* Problem to solve
Although the data below contains pictures, output only the lines between those holding "Reaction Paper: Children of Heaven essay" and "Netflix lançará outros", inclusive, exactly and without those pictures.

* Supplied data
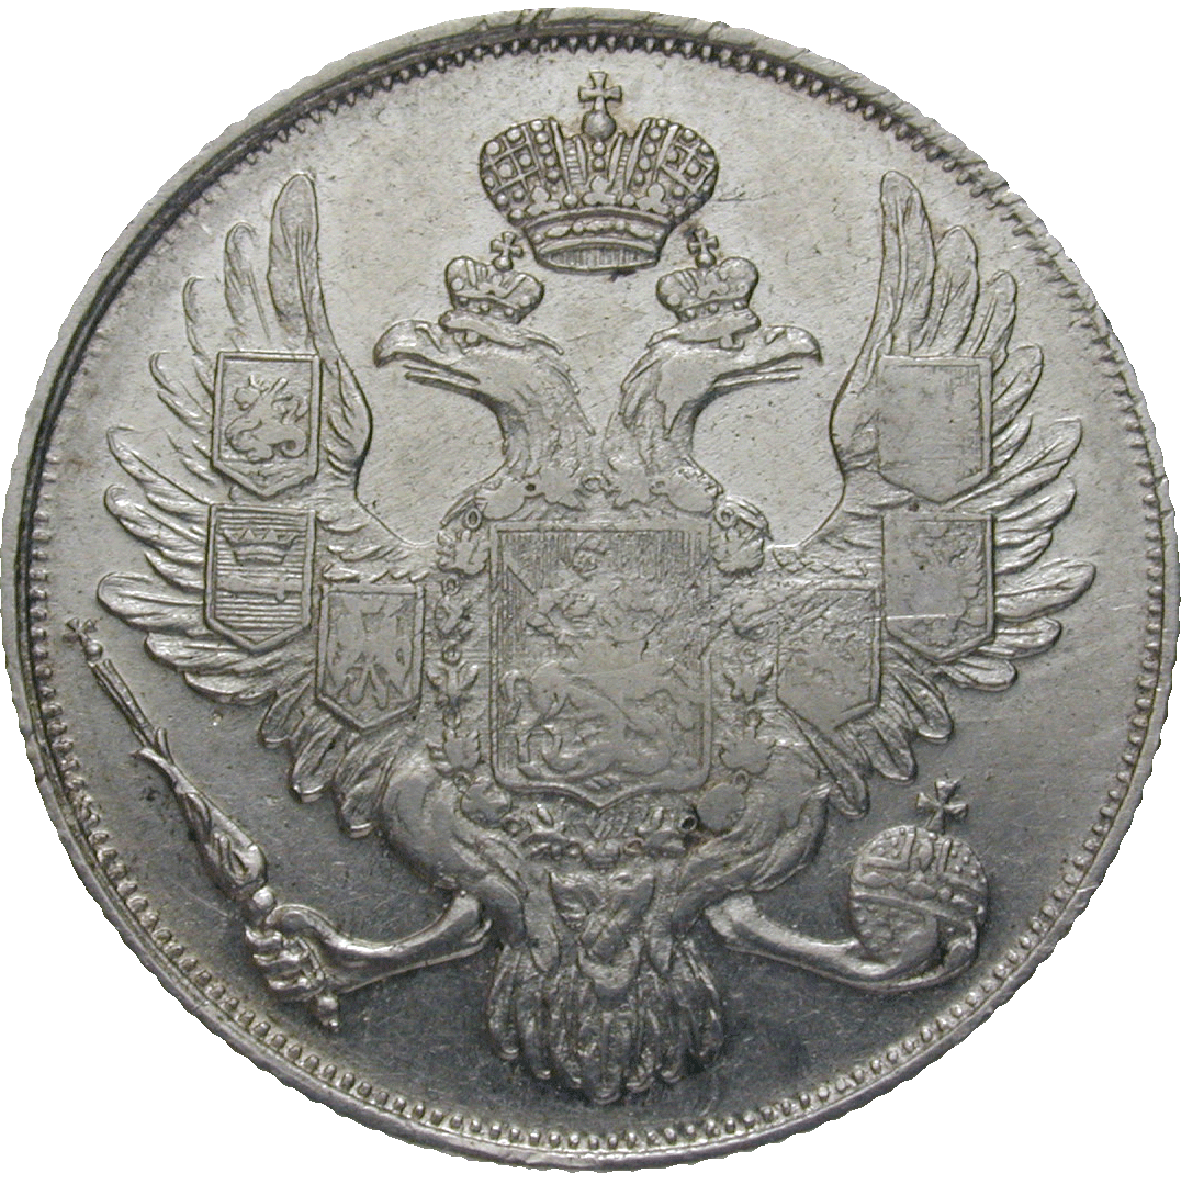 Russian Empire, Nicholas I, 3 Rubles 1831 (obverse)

==

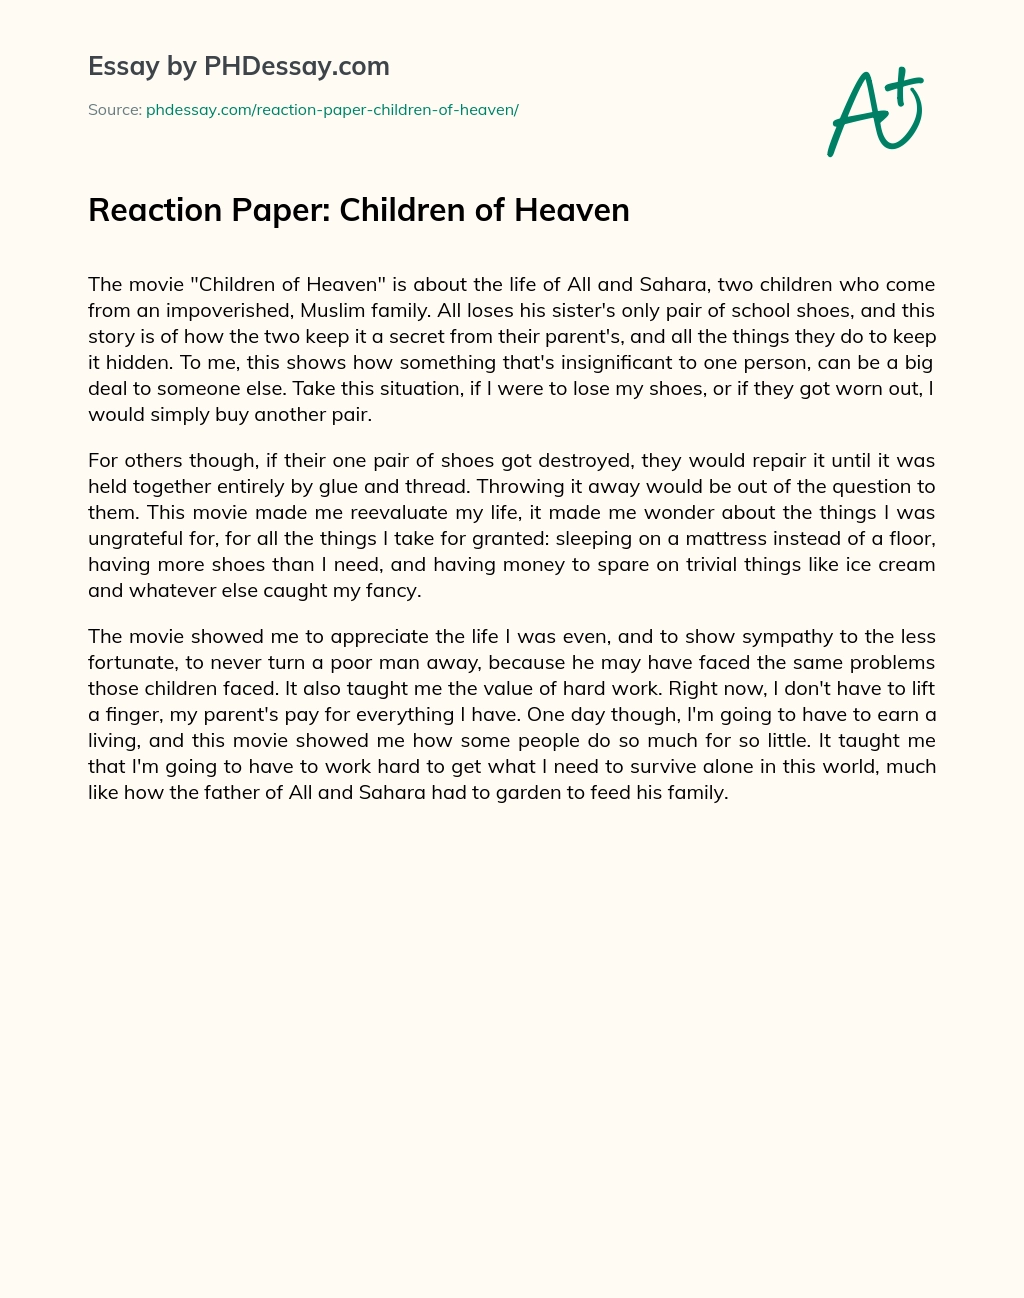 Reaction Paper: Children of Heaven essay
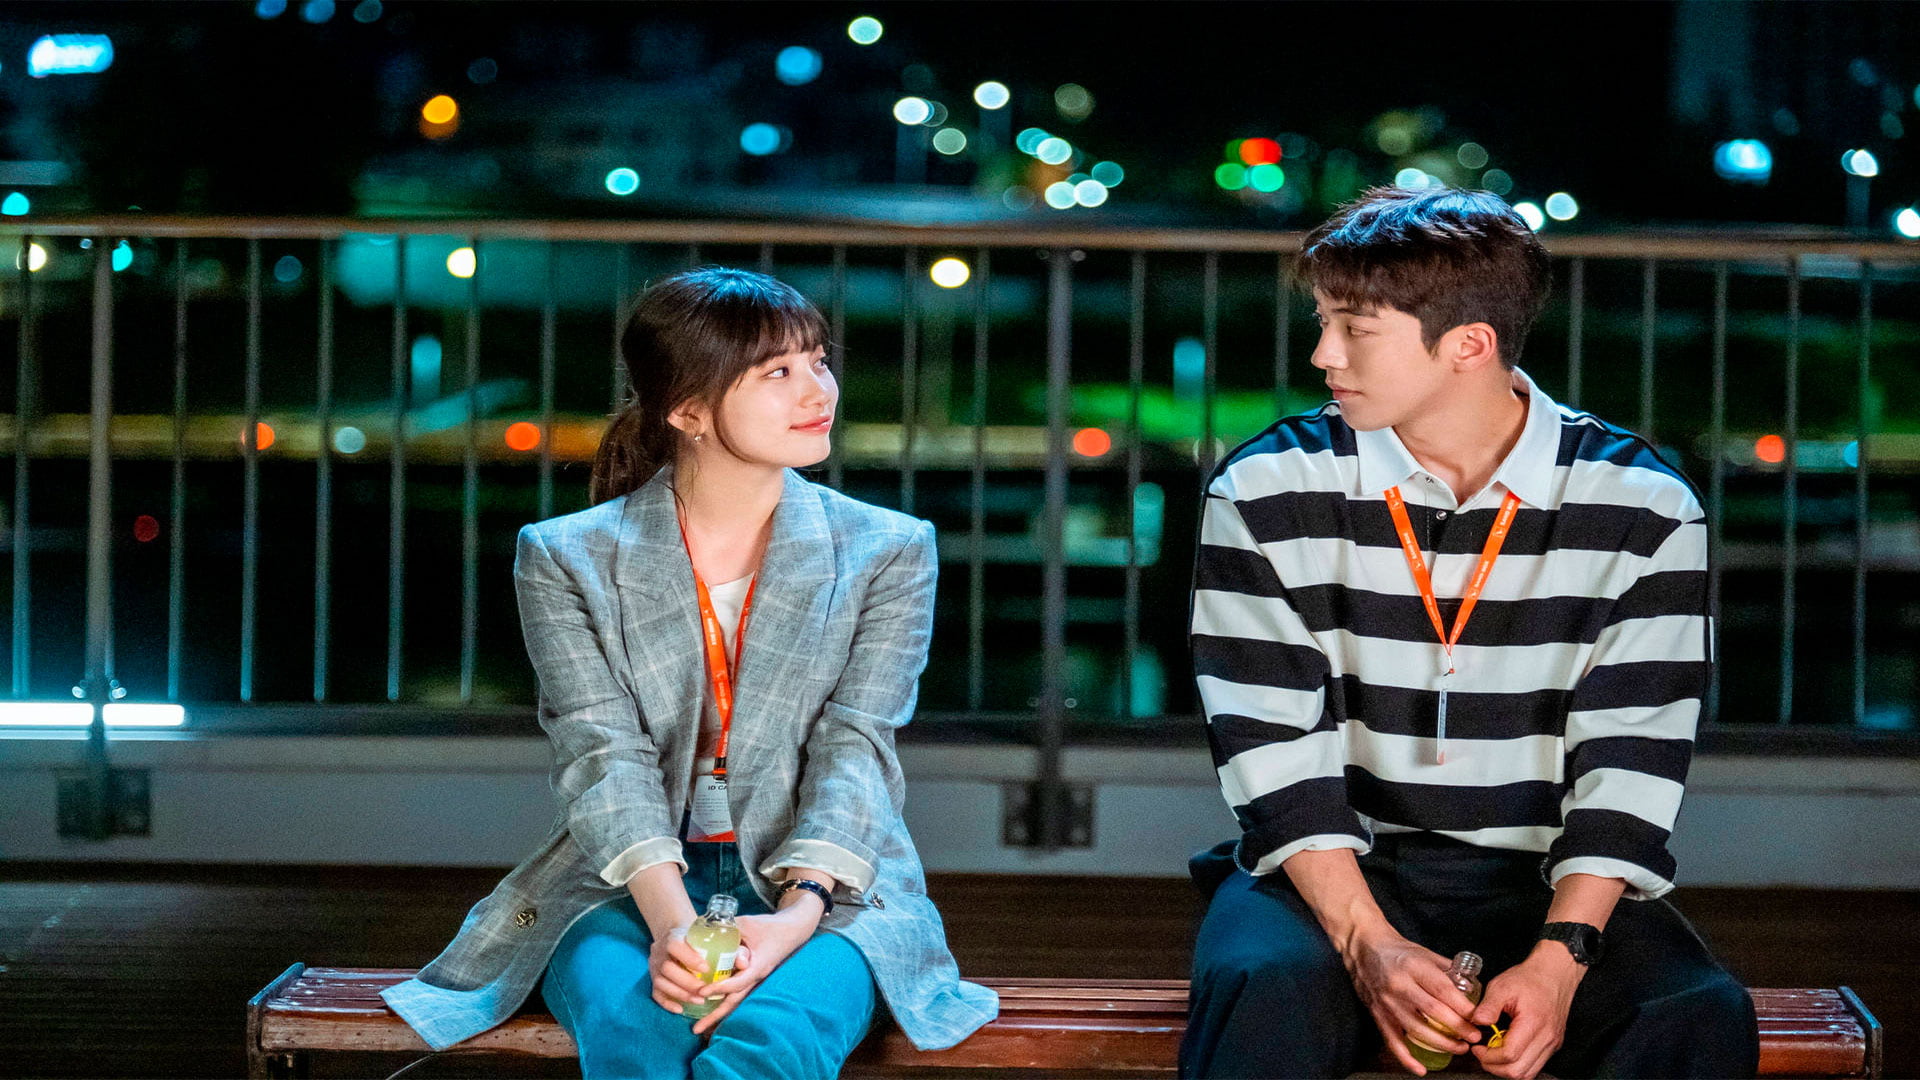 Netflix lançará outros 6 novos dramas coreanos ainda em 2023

* Your solution
 Reaction Paper: Children of Heaven essay
 Netflix lançará outros 6 novos dramas coreanos ainda em 2023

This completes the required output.